▸ Records for this exercise:
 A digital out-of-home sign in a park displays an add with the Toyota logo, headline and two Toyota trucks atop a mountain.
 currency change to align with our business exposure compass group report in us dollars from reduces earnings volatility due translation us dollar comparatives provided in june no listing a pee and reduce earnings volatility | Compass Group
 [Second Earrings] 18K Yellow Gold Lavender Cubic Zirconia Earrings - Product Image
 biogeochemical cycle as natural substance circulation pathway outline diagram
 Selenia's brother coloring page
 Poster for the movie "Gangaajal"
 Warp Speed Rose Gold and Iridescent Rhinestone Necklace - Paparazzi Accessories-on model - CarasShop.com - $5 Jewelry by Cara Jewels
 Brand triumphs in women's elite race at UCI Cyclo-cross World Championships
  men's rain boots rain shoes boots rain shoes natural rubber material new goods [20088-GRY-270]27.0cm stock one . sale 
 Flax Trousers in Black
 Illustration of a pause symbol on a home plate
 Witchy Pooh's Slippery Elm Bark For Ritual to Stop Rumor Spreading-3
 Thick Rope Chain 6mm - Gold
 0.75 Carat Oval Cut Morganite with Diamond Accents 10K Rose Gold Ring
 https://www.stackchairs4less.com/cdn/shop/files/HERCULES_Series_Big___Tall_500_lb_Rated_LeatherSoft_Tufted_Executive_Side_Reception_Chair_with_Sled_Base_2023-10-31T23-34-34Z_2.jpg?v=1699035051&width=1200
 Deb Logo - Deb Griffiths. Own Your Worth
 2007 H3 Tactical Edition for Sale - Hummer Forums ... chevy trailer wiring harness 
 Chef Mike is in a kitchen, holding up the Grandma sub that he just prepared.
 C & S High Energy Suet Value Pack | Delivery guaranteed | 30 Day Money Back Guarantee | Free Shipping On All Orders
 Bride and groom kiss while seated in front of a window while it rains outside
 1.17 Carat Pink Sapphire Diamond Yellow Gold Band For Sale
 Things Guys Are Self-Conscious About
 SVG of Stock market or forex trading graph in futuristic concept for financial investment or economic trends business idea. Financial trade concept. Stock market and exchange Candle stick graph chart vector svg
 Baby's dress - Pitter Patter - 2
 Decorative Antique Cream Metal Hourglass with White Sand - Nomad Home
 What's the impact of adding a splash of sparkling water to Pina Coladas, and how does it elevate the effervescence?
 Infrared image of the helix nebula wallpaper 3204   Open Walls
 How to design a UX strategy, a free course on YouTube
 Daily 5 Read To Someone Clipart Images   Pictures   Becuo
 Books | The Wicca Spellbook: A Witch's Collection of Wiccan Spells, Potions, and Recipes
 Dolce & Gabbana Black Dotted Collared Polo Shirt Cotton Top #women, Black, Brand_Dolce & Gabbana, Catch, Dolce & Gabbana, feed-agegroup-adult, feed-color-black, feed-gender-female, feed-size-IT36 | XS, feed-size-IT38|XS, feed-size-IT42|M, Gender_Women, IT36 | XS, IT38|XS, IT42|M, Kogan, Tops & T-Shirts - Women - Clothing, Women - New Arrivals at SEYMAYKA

▸ Requirement:
Copy out each line of the data above, exactly, if it lies between the line holding "biogeochemical cycle as" and the line holding "Brand triumphs in", inclusive; copy no other line.

▸ Your solution:
 biogeochemical cycle as natural substance circulation pathway outline diagram
 Selenia's brother coloring page
 Poster for the movie "Gangaajal"
 Warp Speed Rose Gold and Iridescent Rhinestone Necklace - Paparazzi Accessories-on model - CarasShop.com - $5 Jewelry by Cara Jewels
 Brand triumphs in women's elite race at UCI Cyclo-cross World Championships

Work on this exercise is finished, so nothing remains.